We have not only seen facilities management contracts having to be brought back in-house in Leicestershire and Nottingham; we have also seen them deliver a poor quality of service across Lewisham and Greenwich. Those contracts at Lewisham Hospital should come back in-house. I know that the Labour candidate in Lewisham East will be campaigning to bring them back in-house, and I hope the Tory candidate will do the same.
My hon. Friend, who is an authority on these matters and campaigned on them for many years before entering this place, speaks well and she is absolutely right.
I will take an intervention from the hon. Lady from Wales, but then I will not take any more because I fear I am really testing your patience, Mr Deputy Speaker.
It is not about my patience, but about Back Benchers.
I have only one question: will the hon. Gentleman explain why the Welsh Labour Government have outsourced dialysis services at Wrexham?
We have always said that there is a small role for the private sector. This is what I said earlier—[Interruption.]
Order. I want to hear Members on both sides, and I certainly want to hear the answer, but I cannot do so if everybody is shouting.
We have always said that, and I do not know why Government Members are so surprised about it. Indeed, the Prime Minister, thinking she had a humdinger, quoted me at Prime Minister’s questions, but I was decidedly nonplussed by her response to my right hon. Friend the Leader of the Opposition.
Perhaps the biggest area in which private contracts have gone out is in community services, where the private sector has taken over 39% of contracts compared with the 21% in the NHS. NHS Providers said last week:
“The fragmentation of the community sector is…due to the private provider share of the community…service market being much larger than in other sectors”.
It also said:
“it is almost always a legal requirement for commissioners to go out to tender competitively for community services. Tendering for contracts is therefore much more competitive in the community sector than in the acute sector, and contracts are sometimes won on cost savings, rather than improvements in the quality of care.”

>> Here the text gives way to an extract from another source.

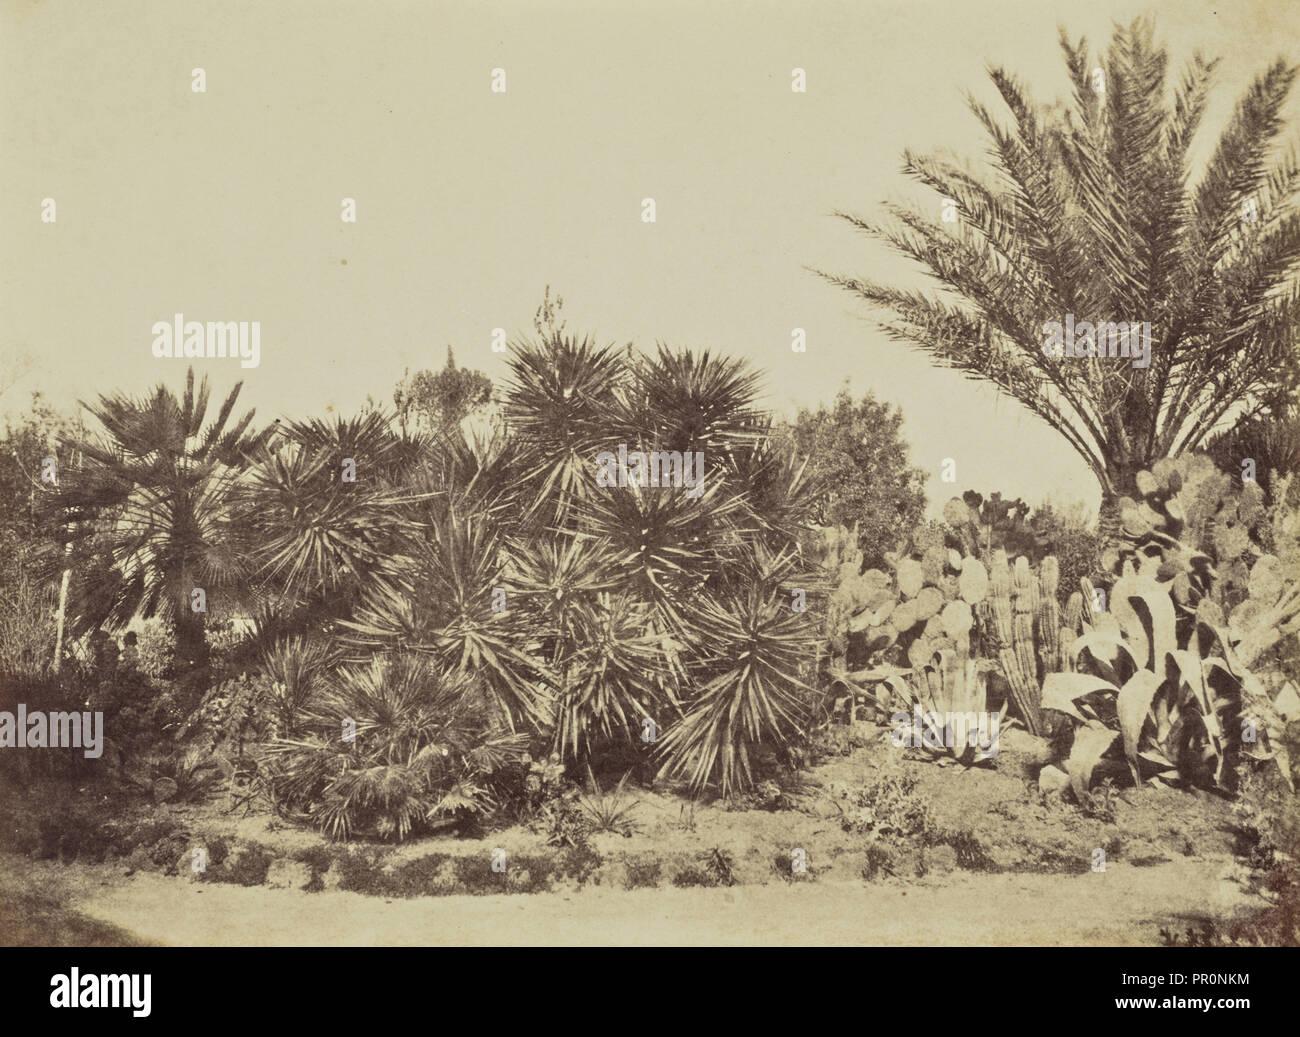 Garden on Monte Pincio, Rome; Mrs. Jane St. John, British, 1803 - 1882, Rome, Italy; 1856 - 1859; Albumen silver print - Stock Image

We have seen this time and again. For example, Serco was awarded a £140 million contract in Suffolk, but could not meet key response times, such as the four-hour response time for nurses and therapists to reach patients at home 95% of the time. Before Serco took over the contract, the target was achieved 97% of the time.
Hopefully we will get some Back Benchers in, but I warn them that they will get no more than four minutes each. That may have to come down and some Members may not get in.